她就说为什么,师兄明明不在演武场却能知道自己的动向,包括自己起的奇奇怪怪的名号,以及下注赌钱。
饕餮在顾初衍离开之时就向白芨使了个眼色溜走了。
于是狭小的角落内只剩下白芨与喻永朝两人。
平日她习惯了大师兄沉默,也知道平时他沉默之时懒得开口。只是今日他沉默得属实有些让她不适应。
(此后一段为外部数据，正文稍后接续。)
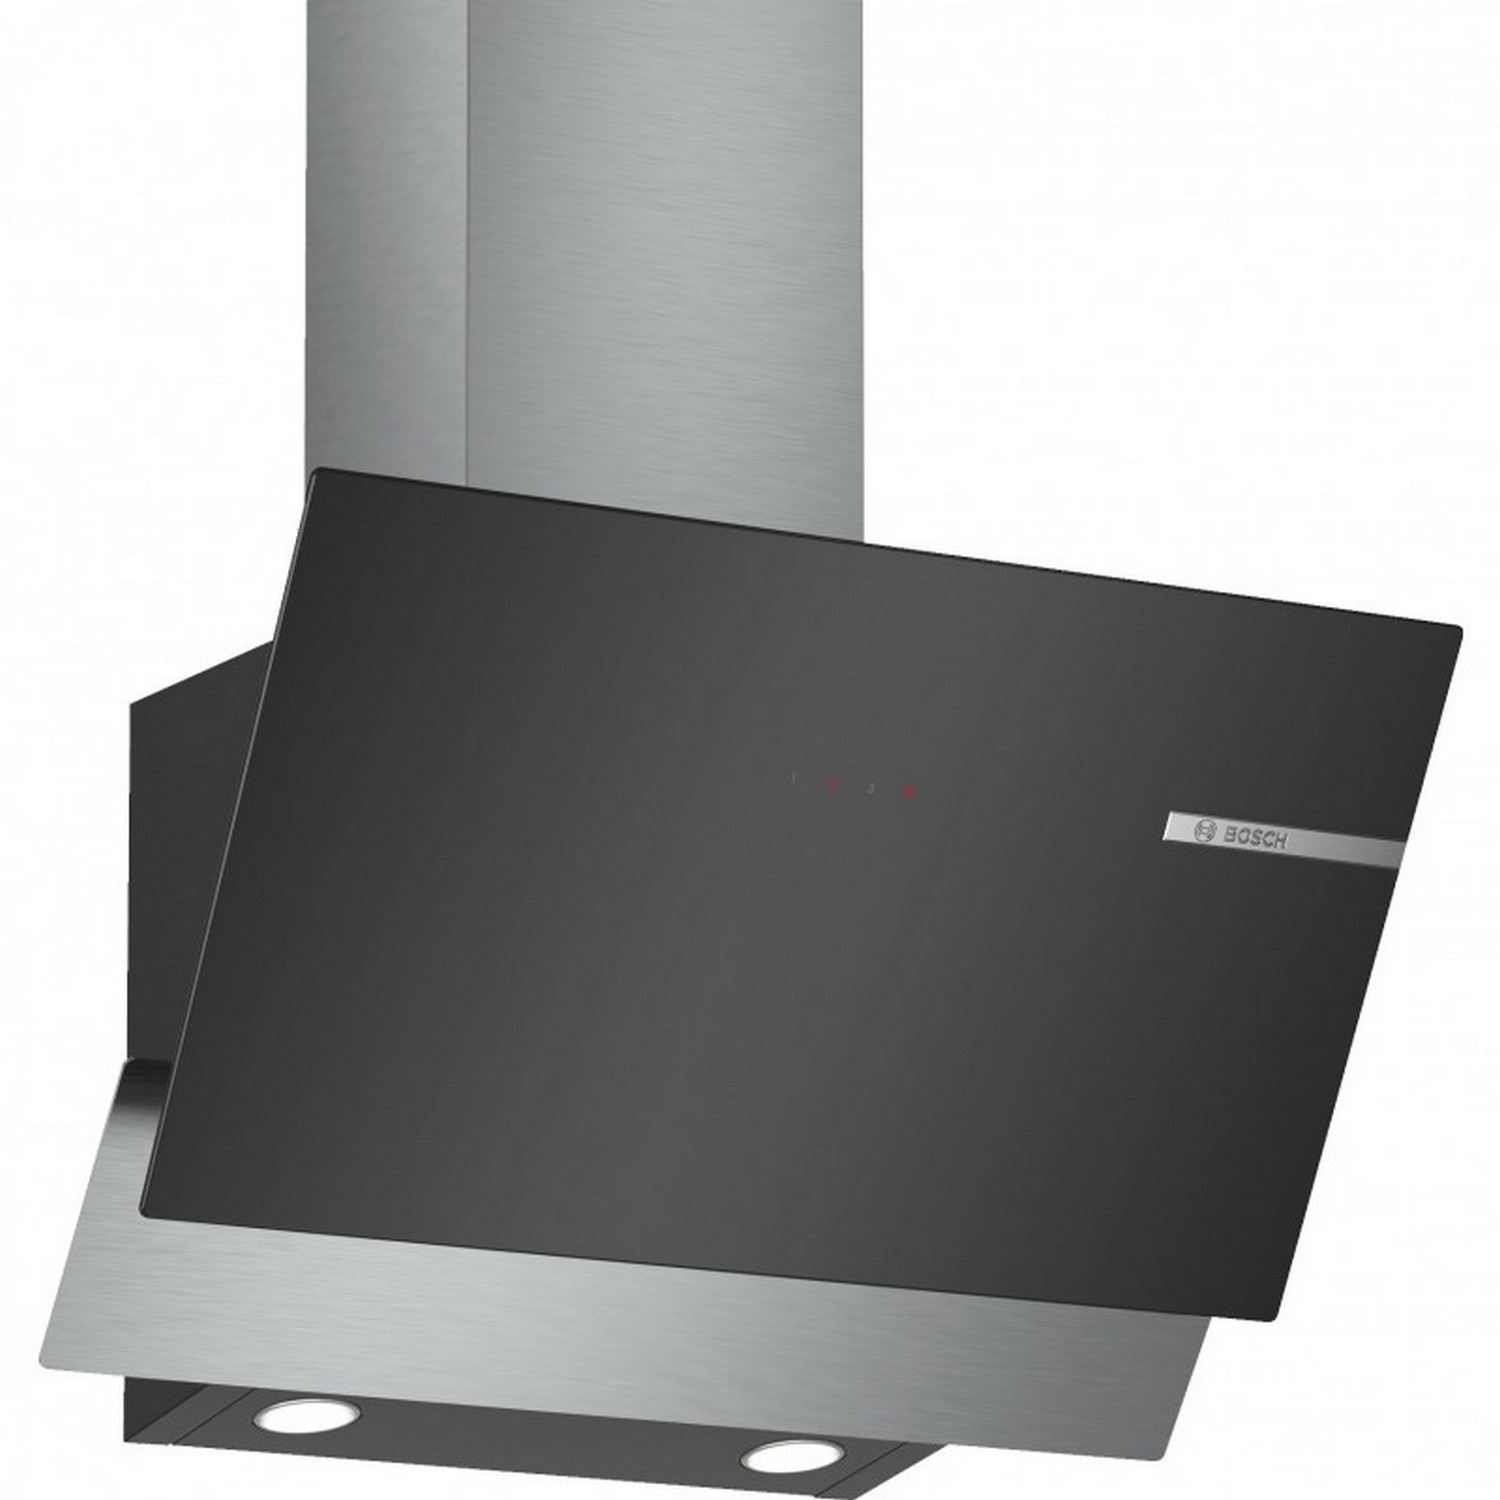 Кухонная вытяжка Bosch DWK66AJ60T в интернет-магазине, главное фото

她问师兄要不要回城主府,师兄默然;她问师兄要不要继续赌魔石,师兄还是默然;直到她问师兄要不要去吃点什么,师兄总算不再沉默,而是一声轻哼。
喻永朝看着她:“莫不是要去顾初衍的酒楼给我添堵?”
他说的直白,侧目去瞧着她的模样。
白芨垂着眸,眼帘搭下来,像极了飞累了歇息的蝴蝶。他不知今日的怒火到底从何而来,顾初衍确实能称得上白芨的师兄。只是真当白芨叫出口,左一声师兄右一声师兄地去叫顾初衍时,他心中无端升起了些许怒意,以至于失控出手。
“……罢了。”喻永朝揉了揉眉心,见白芨不动,耐心向她解释,“喻陵的师兄妹有几个,按照他这么算,你的师兄怕是数也数不过来了。今日称这个师兄,明日道那个师兄,魔界估计有一半弟子都成了你的师兄。”
见白芨仍是不动,喻永朝朝她的方向又迈了一步,思来想去,手从储物空间中掏了两个栗子出来,垂下眼耐心地剥着。
空气中那股栗子独有的甜糯气息扩散开来。
金黄色的栗子肉置于掌心之上。喻永朝将手心的栗子肉伸向白芨身前,却仍不见白芨有任何动作。
本以为白芨生了气,却发现她周身魔气流转,成了不断吸收转动的旋涡。
——这是顿悟破阶的预兆。
顿悟破阶是好事,只是喻永朝却有那么一丝难以言喻的感觉。如若此时师妹到了顿悟的状态,那必然没听见他之前说的那一长串话。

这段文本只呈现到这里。